[Dataset excerpt — start]

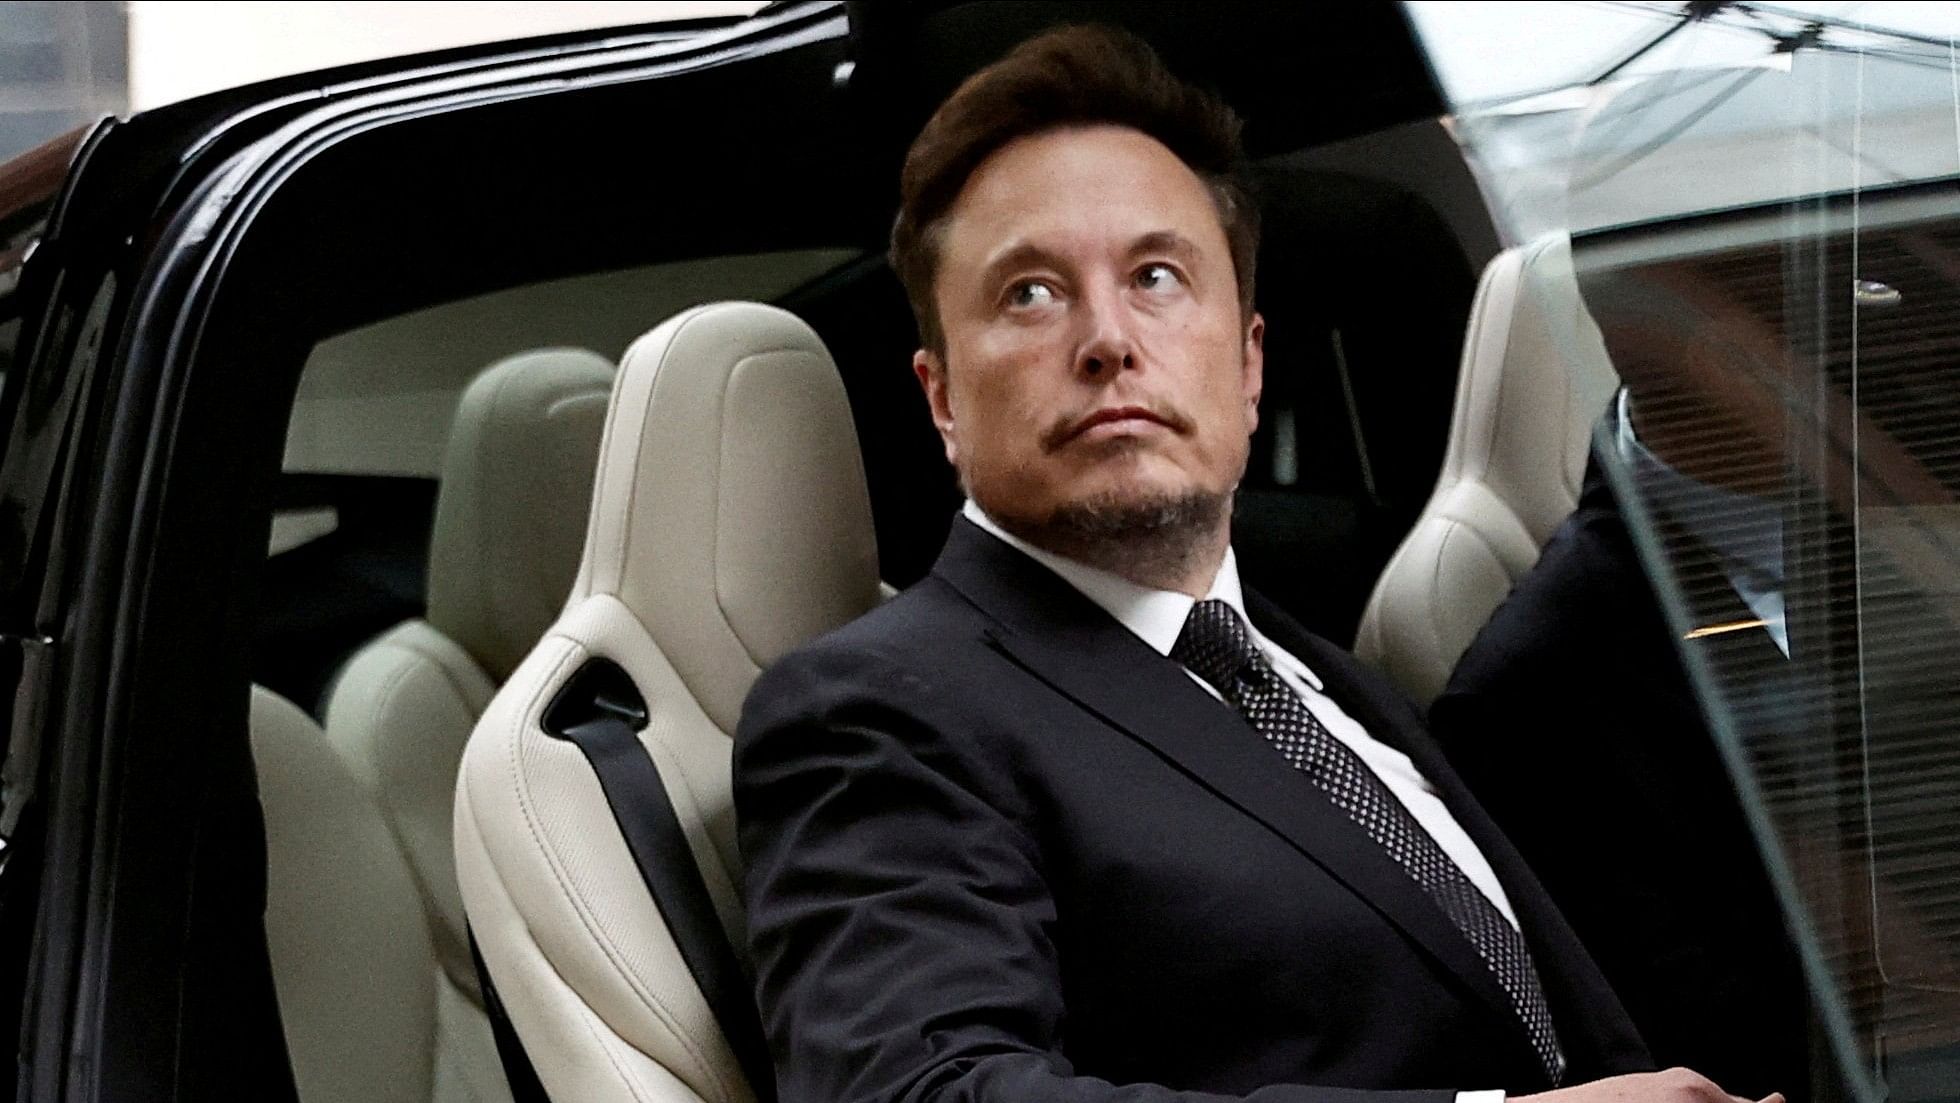 <div class="paragraphs"><p>Tesla Chief Executive Officer Elon Musk</p></div>
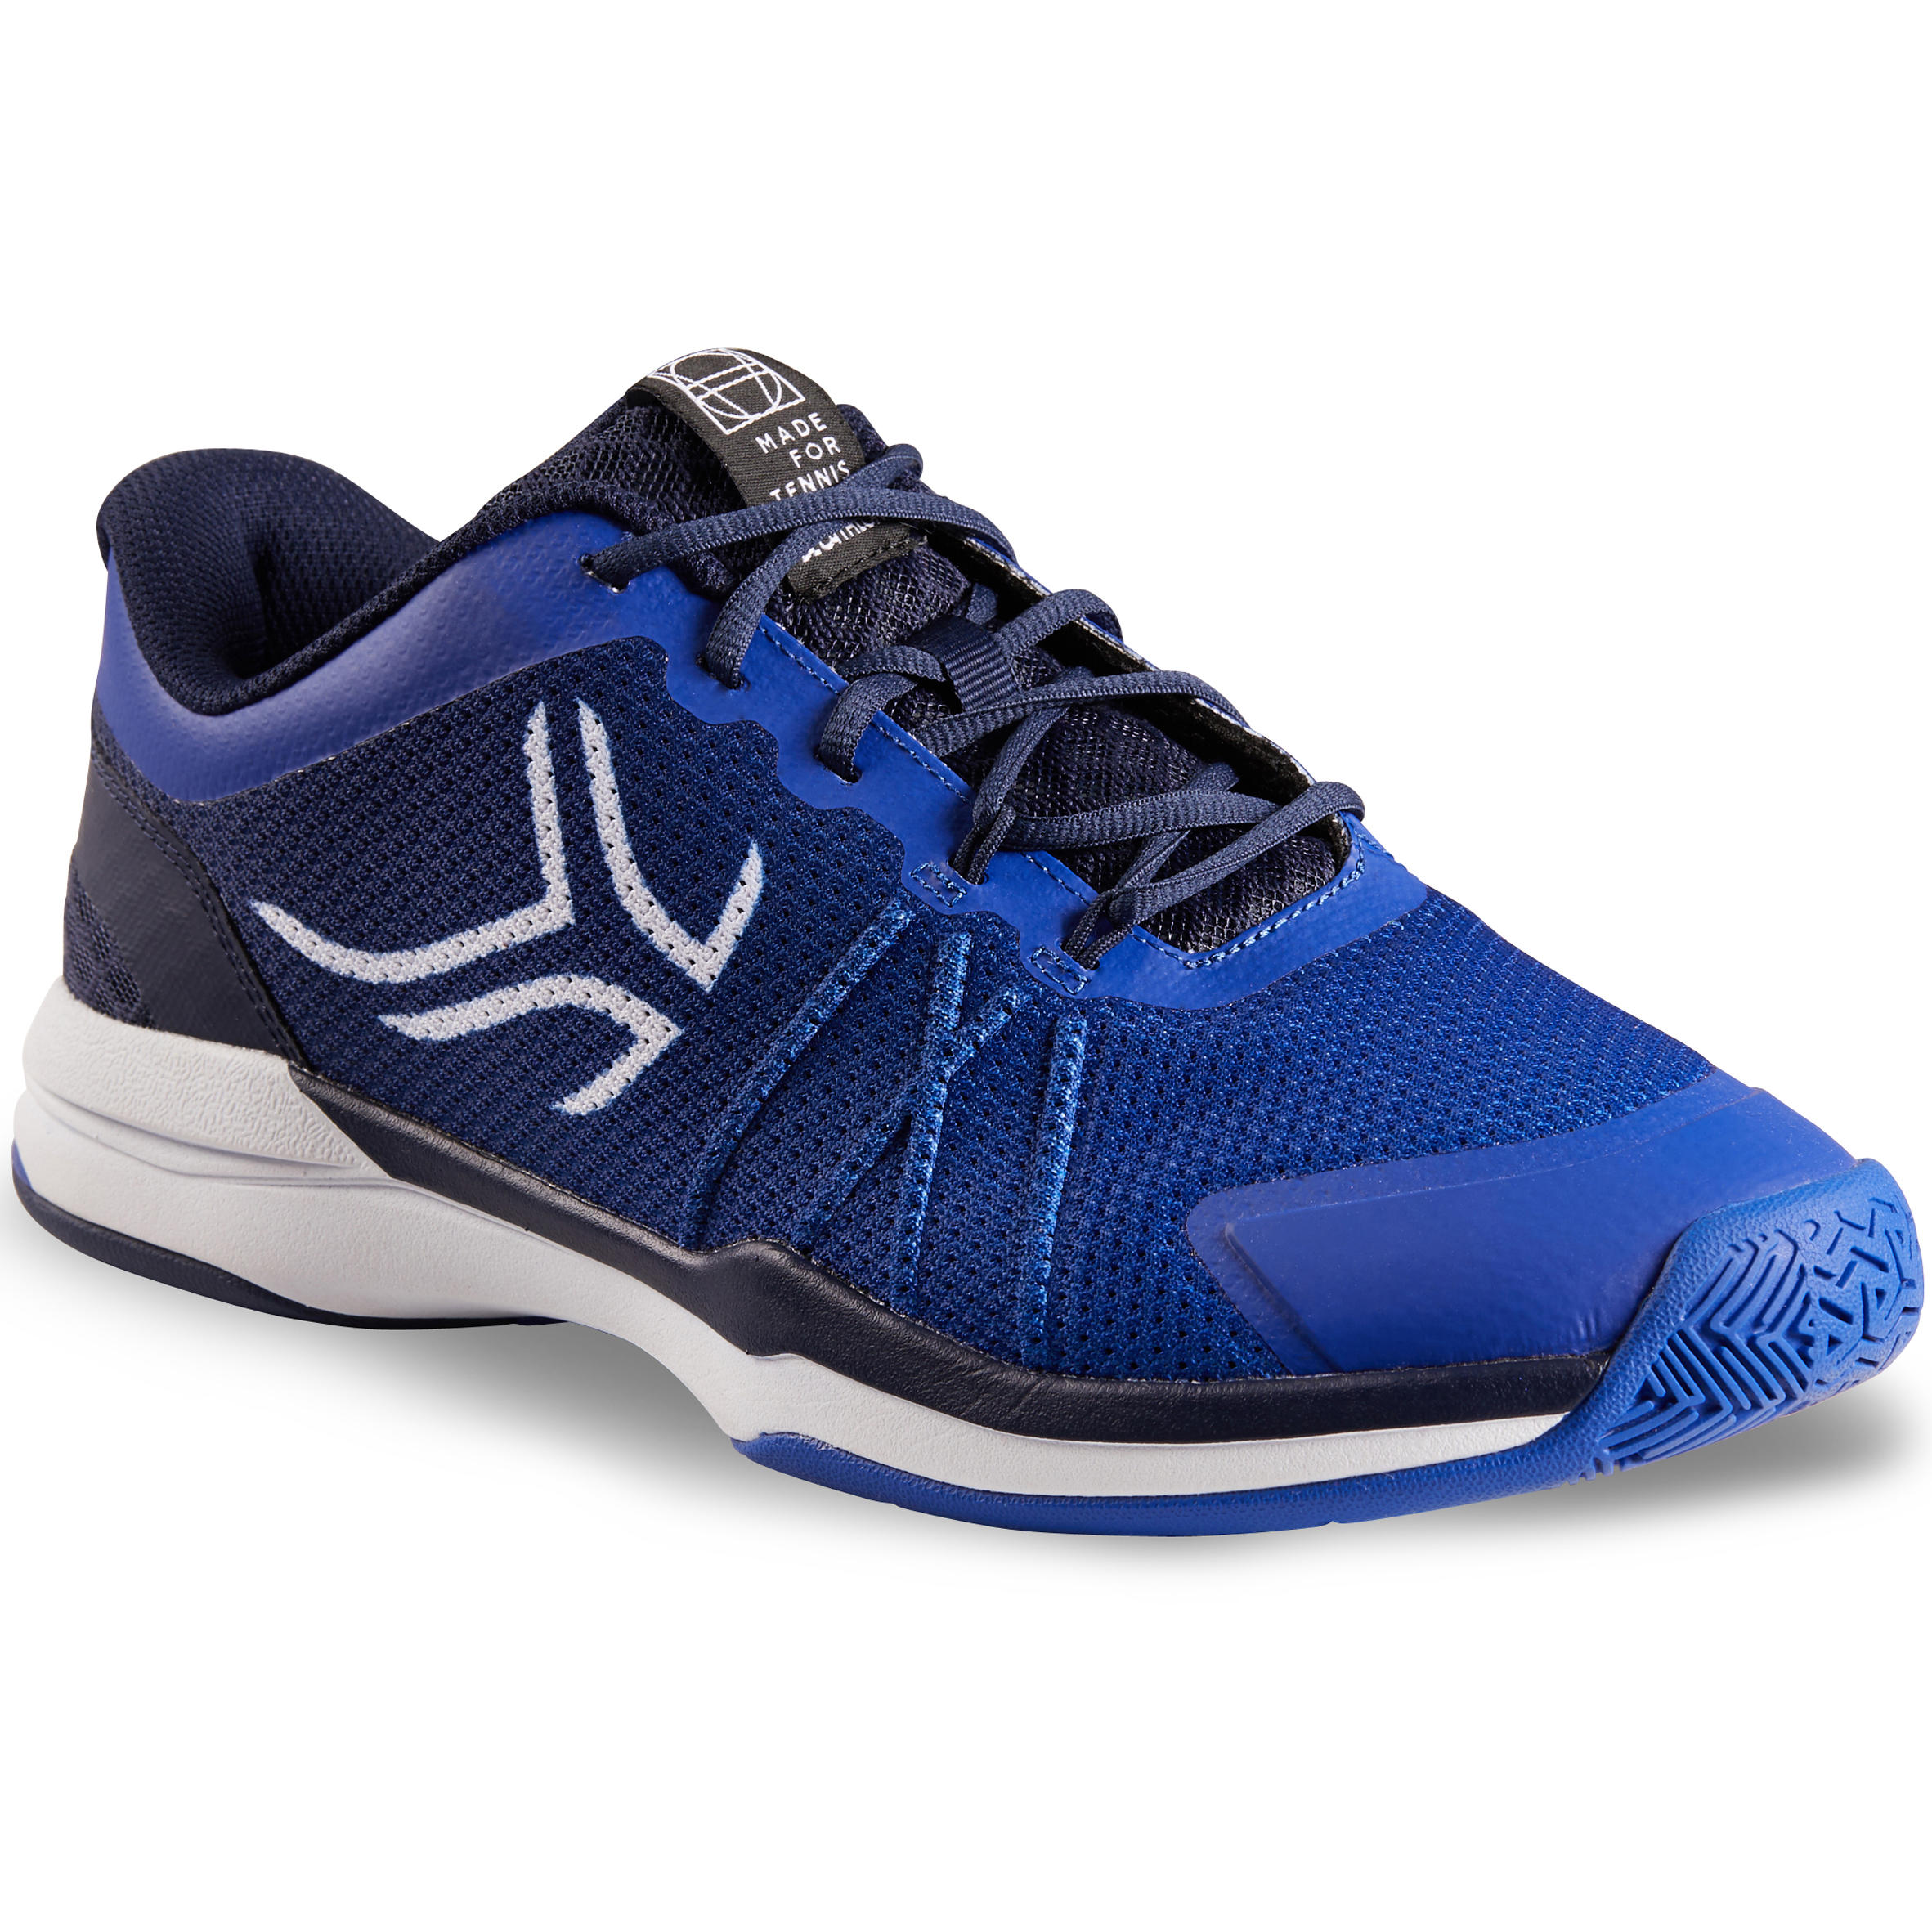 Men's Tennis Shoes TS590 - Blue
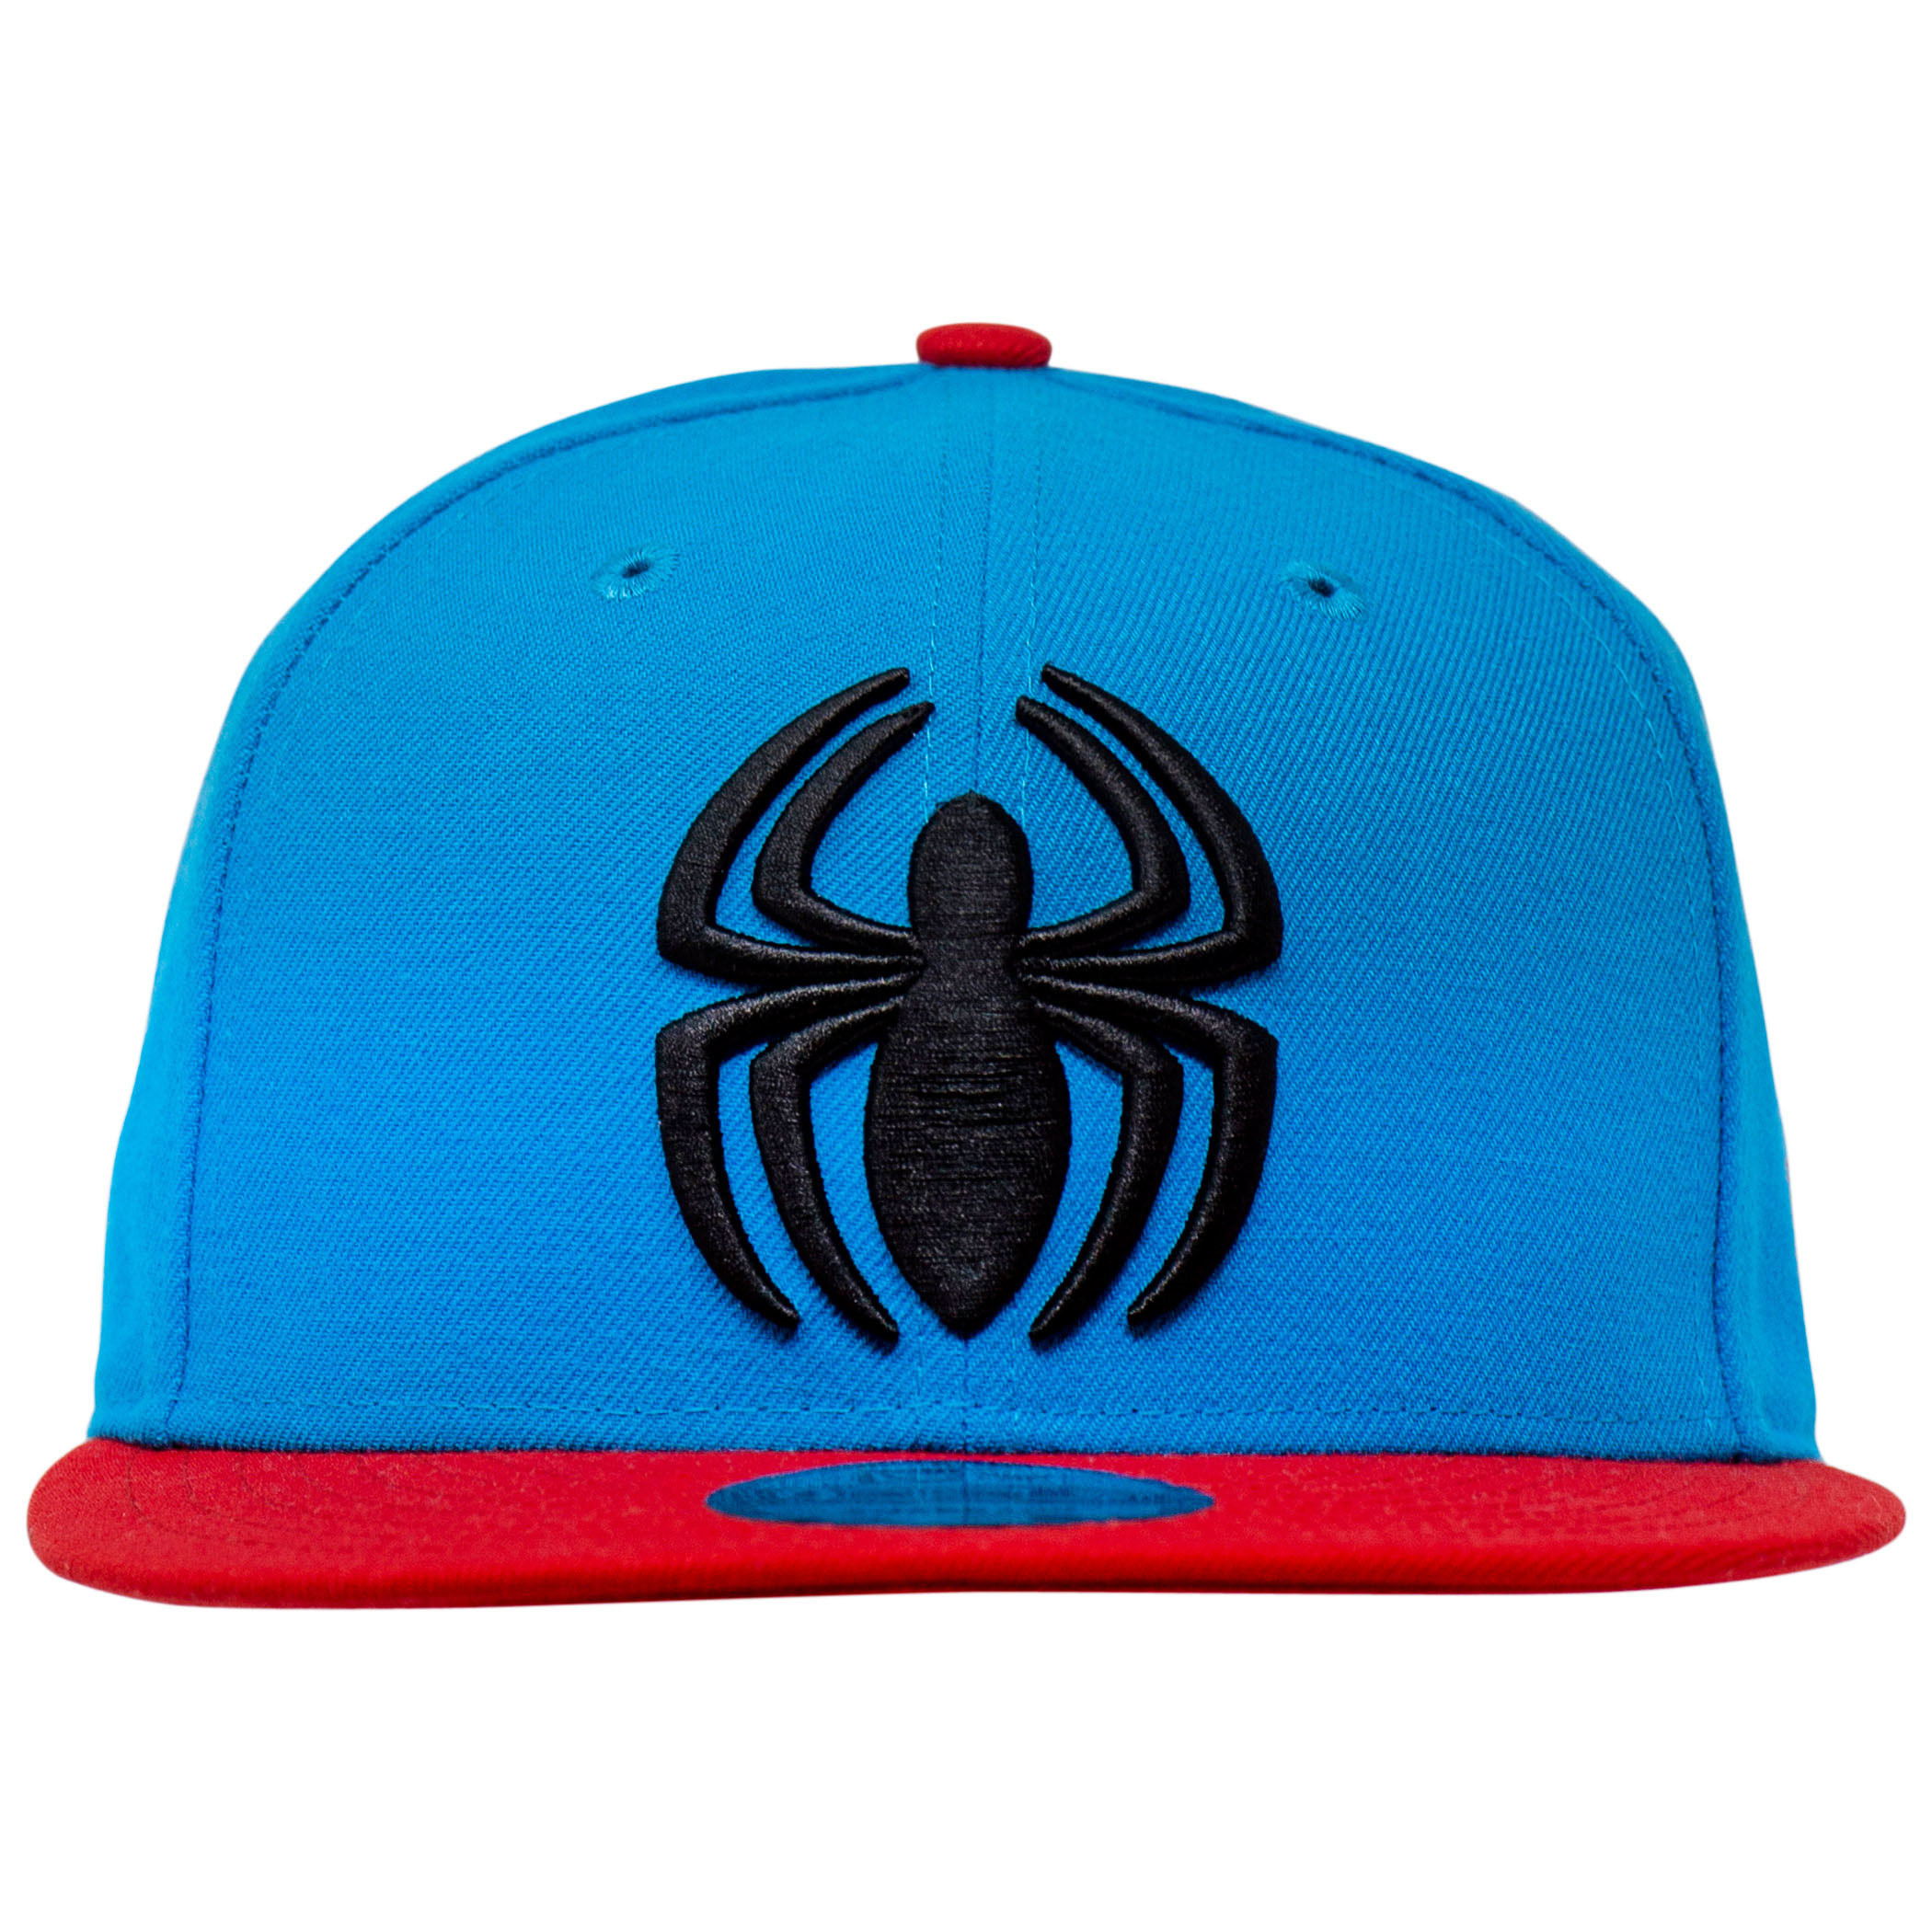 Spider-Man Scarlet Spider New Era 9Fifty Adjustable Hat

[Dataset excerpt — finish]

## Task brief
Print the data again, word for word, without any pictures.

## Answer section
 <div class="paragraphs"><p>Tesla Chief Executive Officer Elon Musk</p></div>
 Men's Tennis Shoes TS590 - Blue
 Spider-Man Scarlet Spider New Era 9Fifty Adjustable Hat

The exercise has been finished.